On move-in day, I knew little about the girl who would be sharing my living quarters with me for the next nine months. But when I walked into 316 Emmet and saw a maroon comforter neatly covering one of the beds, I had a feeling we would get along — I had chosen the same exact comforter for my own bed. That was the first of many bonding moments she and I had as roommates — which we have been ever since.
My first-year dorm was the source of several other enduring friendships, spurred by small moments when brushing teeth or lending printer paper. By spring, my dorm was “home,” and my hallmates were more than fellow boarders. Clumsy nights out, O-Hill dinners and hundreds of hours of conversation led me to associate my feeling of safety with those new friends.
In the days of anxiously constructing our college identities, it was a relief to be able to blather on about who we had been in high school and before. And when it came to University tribulations, dutifully attended gatherings on a dorm room’s fluffy rug provided the means for airing any troubles one of us was having. Accompanied by a massive jar of pretzels and mugs of chamomile, we sat cross-legged and listened, laughed, wondered and worried.
Two years later, I no longer worry about the same things, and I no longer live in Old Dorms. Instead, I live a 15-minute walk away, in an old, white house with newly-painted window shutters and a roof that seats 10, with those same friends. There are eight of us total, and with 80 times as many extracurricular commitments as before, quality roommate time is hard to scrape up nowadays.
To be both a college student and a good friend simultaneously becomes more difficult as the years pass from first to fourth — I can’t help but feel more self-embroiled everyday. Dirty laundry plasters my floor. I’ve been missing my ID card for about three weeks now, leaving my meal plan untapped and counting spoonfuls of peanut butter as my dinner for the day, because I definitely don’t cook. I often think, if I am apparently incapable of addressing aspects of life necessary to basic well-being, how can I have enough space in my mind to comprehend my roommates’ struggles?

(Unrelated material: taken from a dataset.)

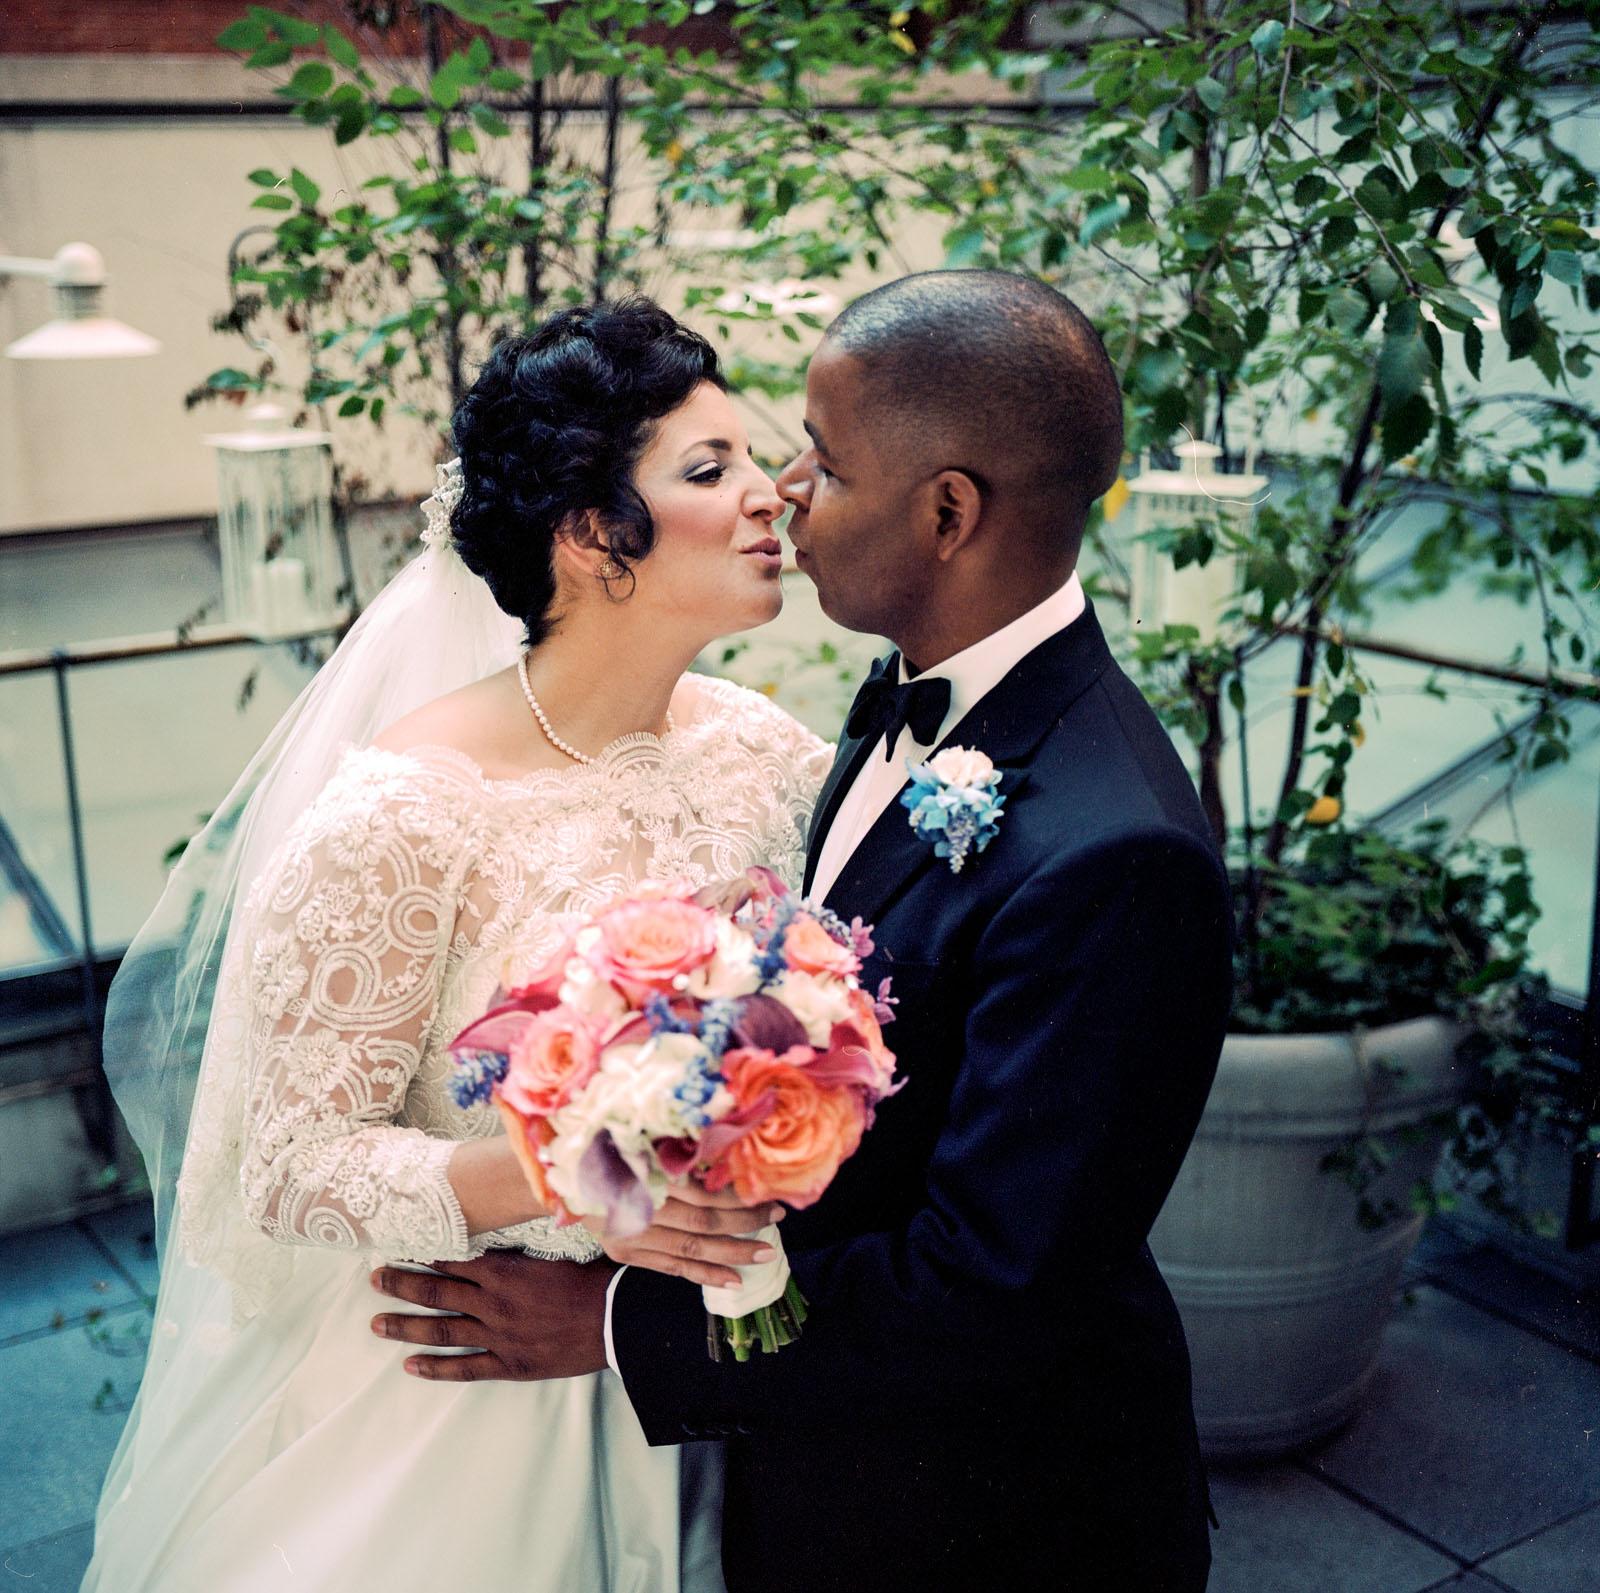 Wedding020_Untitled-9.jpg

Though residents of the same address, we can go days without seeing one another — my current record with one of my roommate’s is six days. Amid moments of stress, my friends and I can no longer rely on nightly conferences, like we once did. While important U.Va. relationships exist beyond our front porch, nothing resembles the distinctive companionship of people who live together. These people have seen how filthy my room is — there is no hiding that side of me.
After a recent trying day, I found comfort in returning to what had brought my roommates and me together as friends in the first place. We were dejected and drained, it was nighttime and we were talking about the dumb mistakes we’d made that day, long-term stressors and funny occurrences.

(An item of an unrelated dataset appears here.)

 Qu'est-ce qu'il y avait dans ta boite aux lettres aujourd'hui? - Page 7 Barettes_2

After freeing the burrs of sadness and exhaustion from my throat, I instantly felt better. But I also felt guilty, having had no idea about the extent of change and struggle occurring in my roommates’ lives. We detected this guilt in each other, too. Yet it was also as we were sitting on my bed, on my old maroon comforter, when my roommates and I recognized that our first-year friendships — which had seemed so effortless — were all the reason we needed for reconnecting.